■ **WHAT IS EXPECTED**:
Your answer must be the exact lines below, starting with the line with "Vintage walkman and" and going on through the line with "1pcs JC47-00033B Embreagem", both included, with no pictures.

■ **MATERIAL FOR THIS EXERCISE**:
········
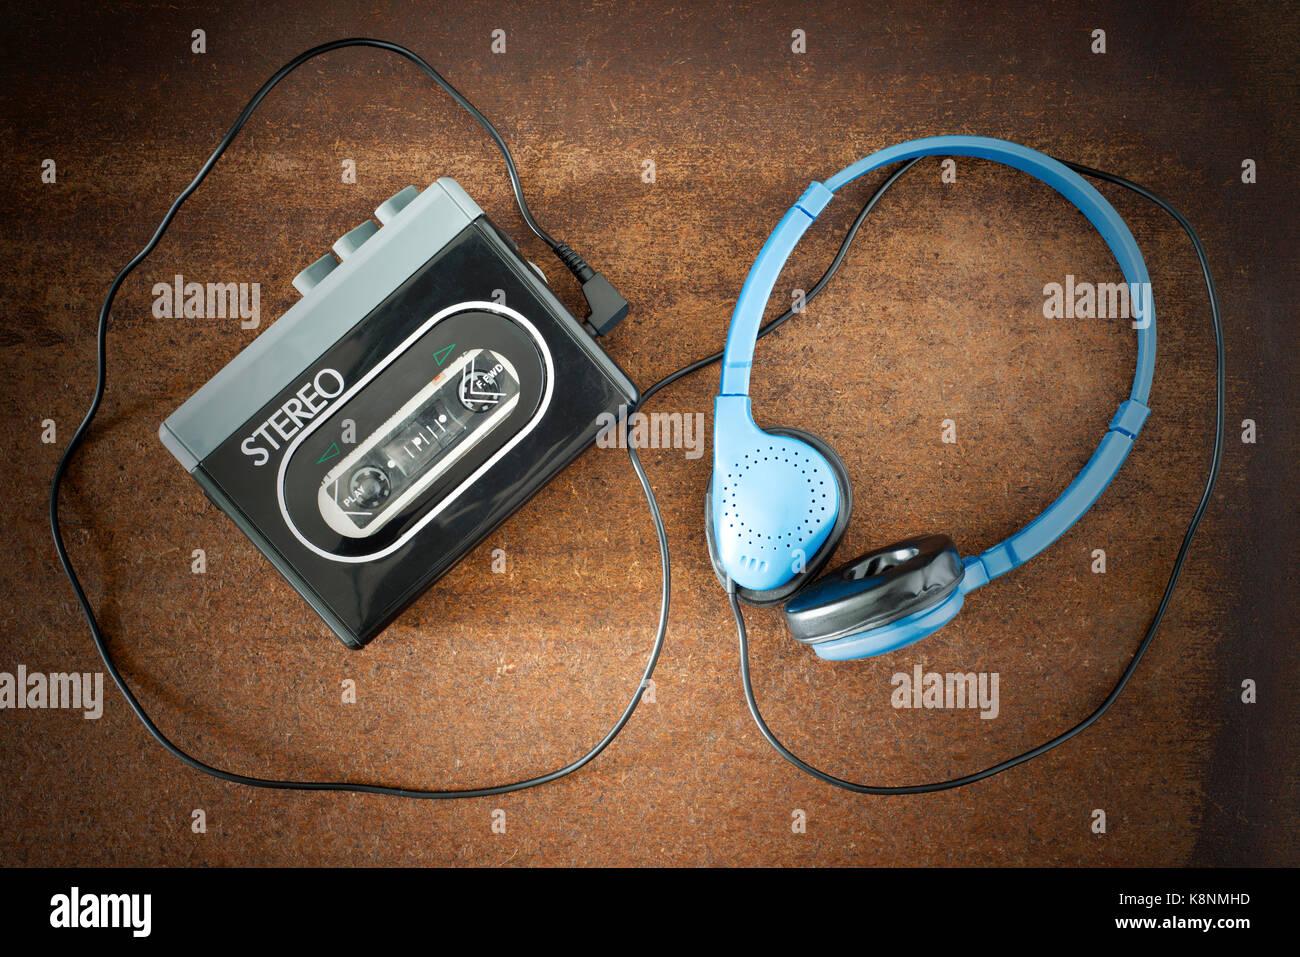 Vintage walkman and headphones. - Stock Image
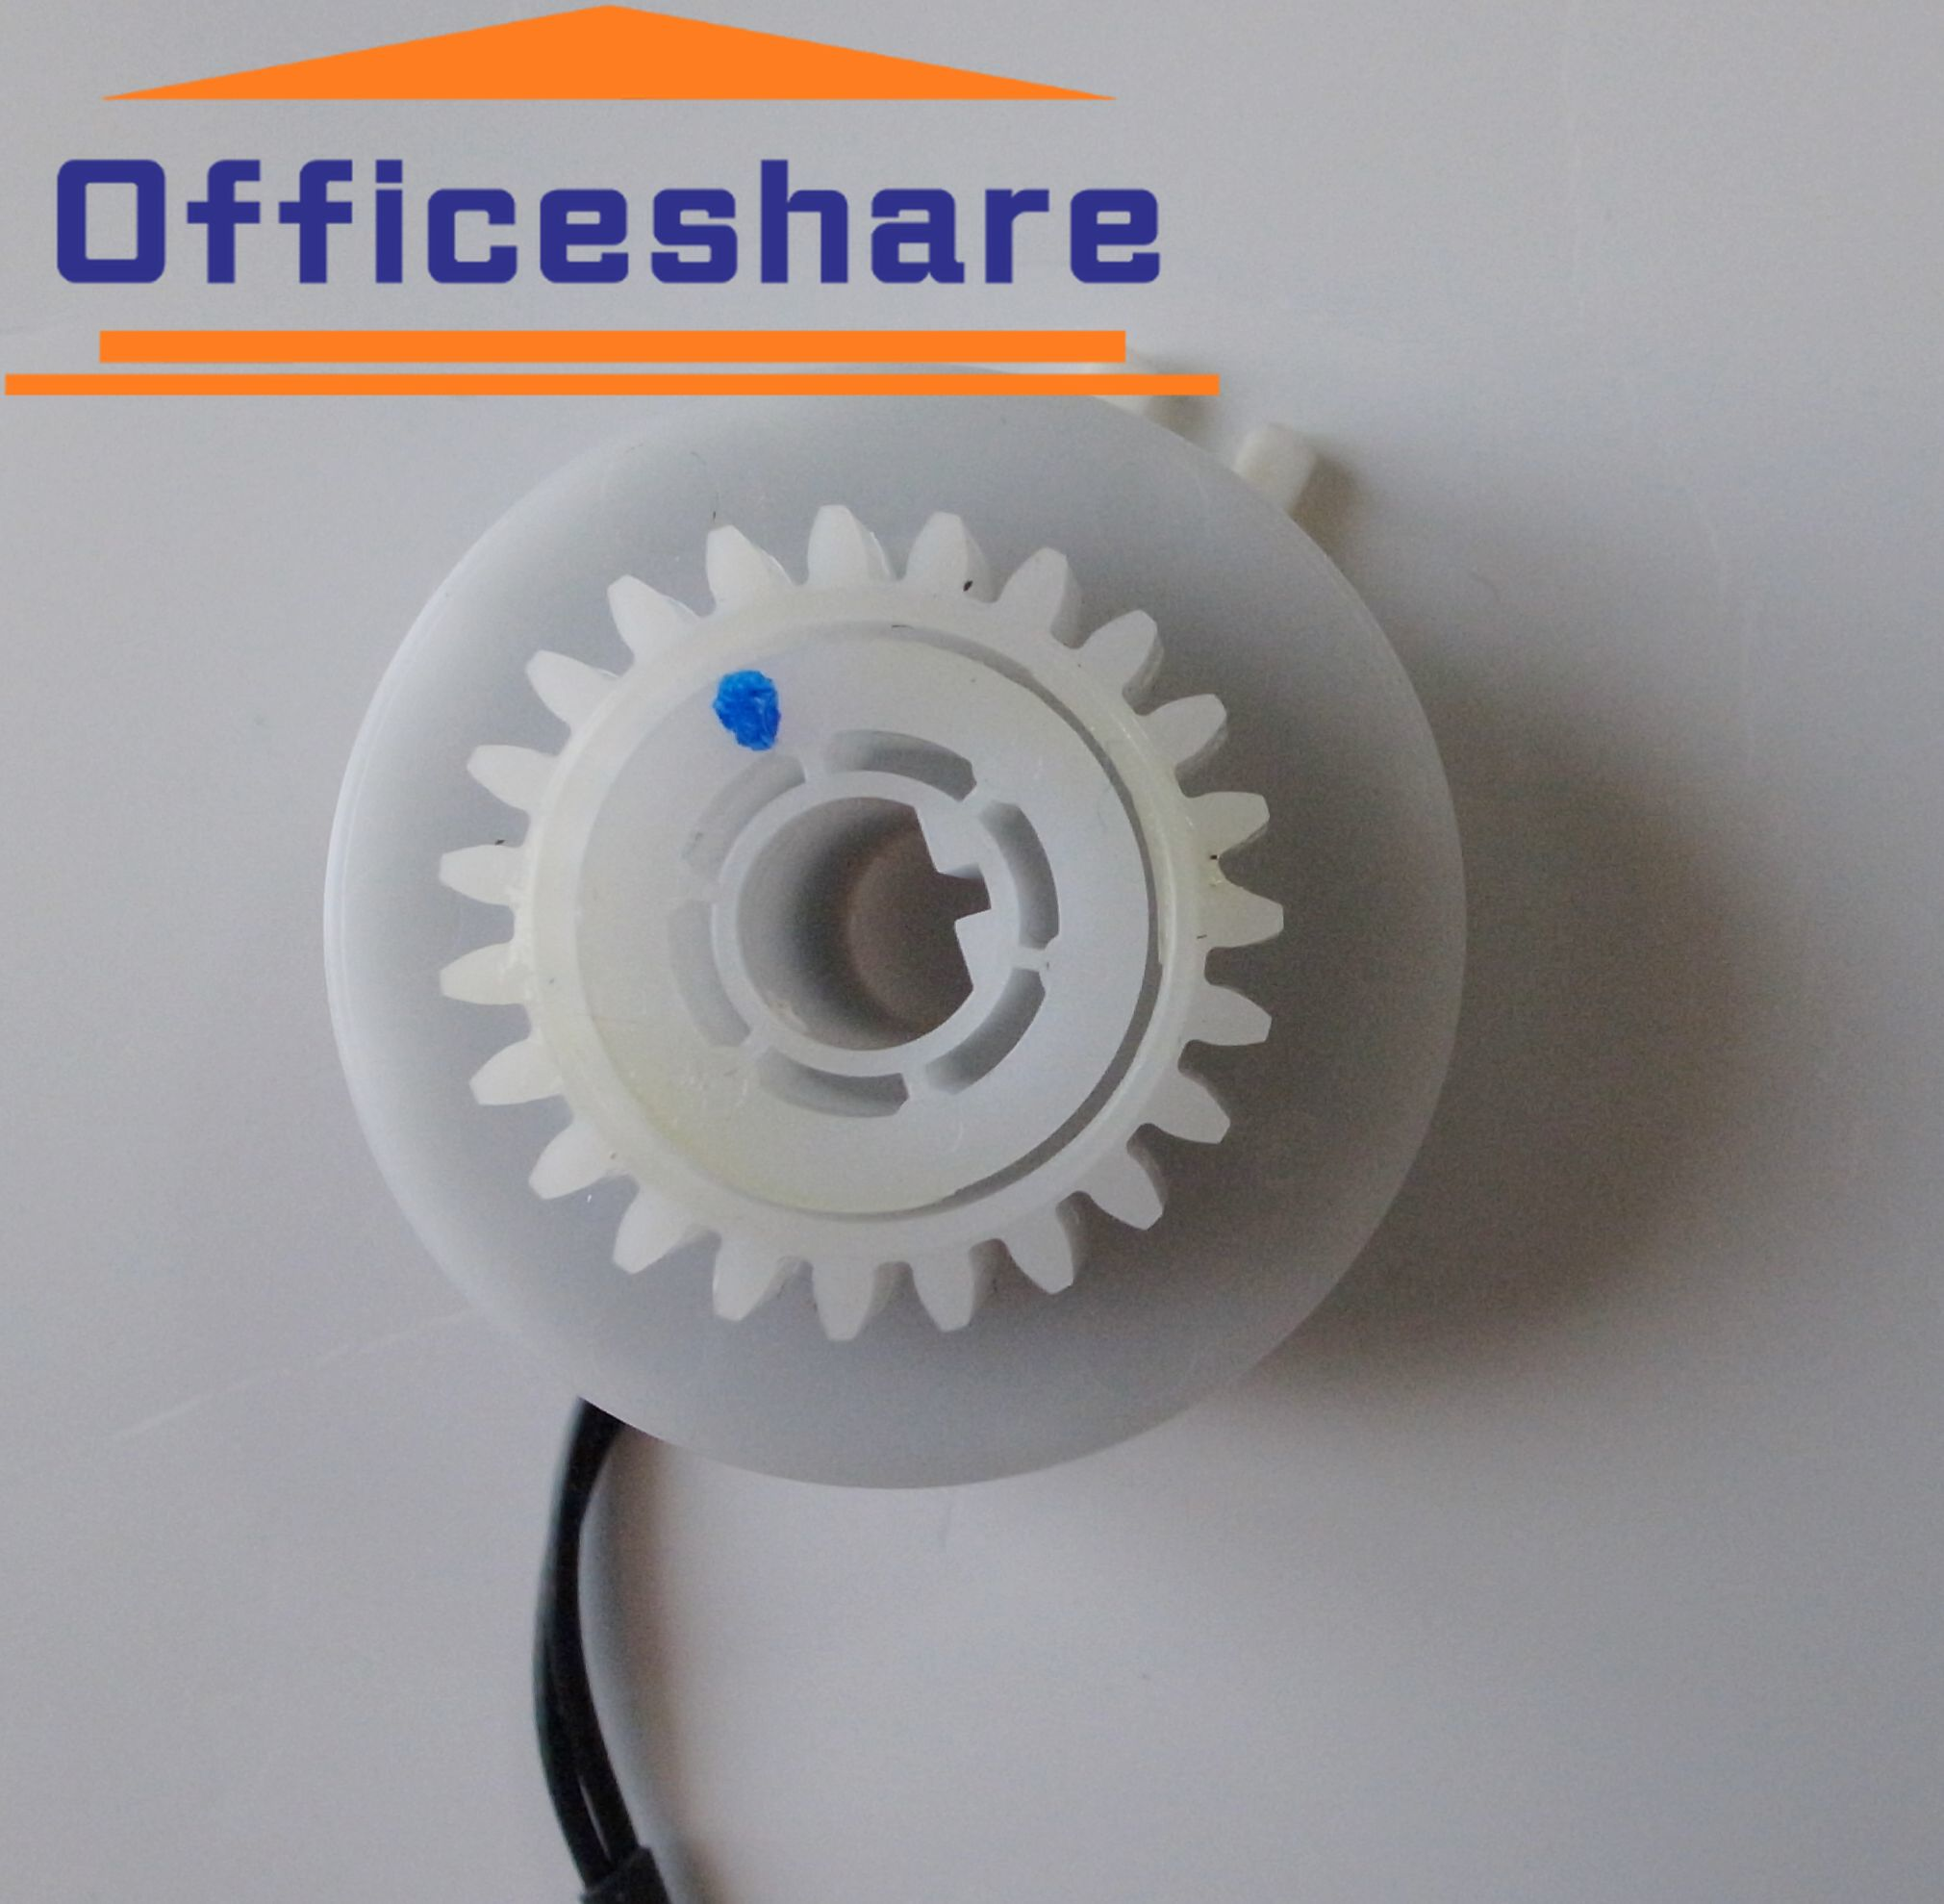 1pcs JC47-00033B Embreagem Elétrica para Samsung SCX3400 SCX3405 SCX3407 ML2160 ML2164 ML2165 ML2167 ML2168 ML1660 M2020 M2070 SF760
········
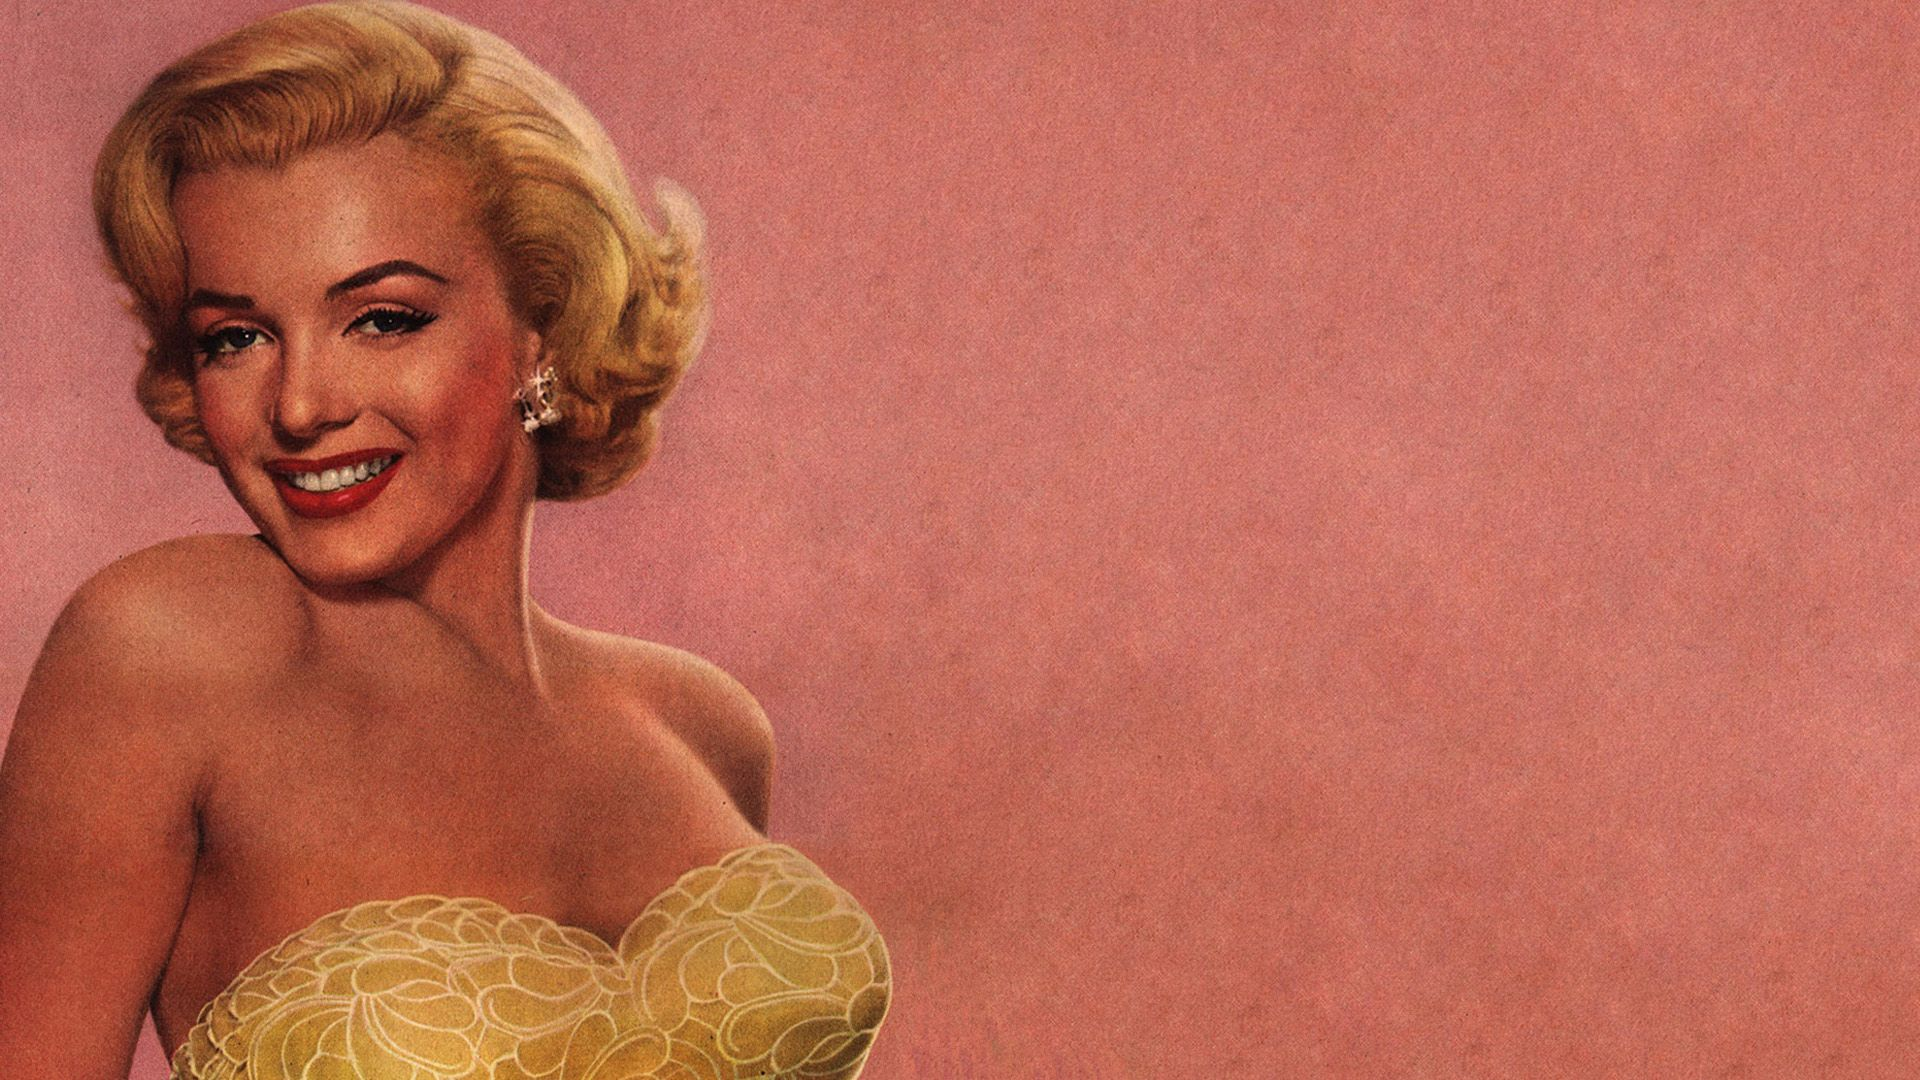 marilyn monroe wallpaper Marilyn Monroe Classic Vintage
········
■ **RESULT**:
 Vintage walkman and headphones. - Stock Image
 1pcs JC47-00033B Embreagem Elétrica para Samsung SCX3400 SCX3405 SCX3407 ML2160 ML2164 ML2165 ML2167 ML2168 ML1660 M2020 M2070 SF760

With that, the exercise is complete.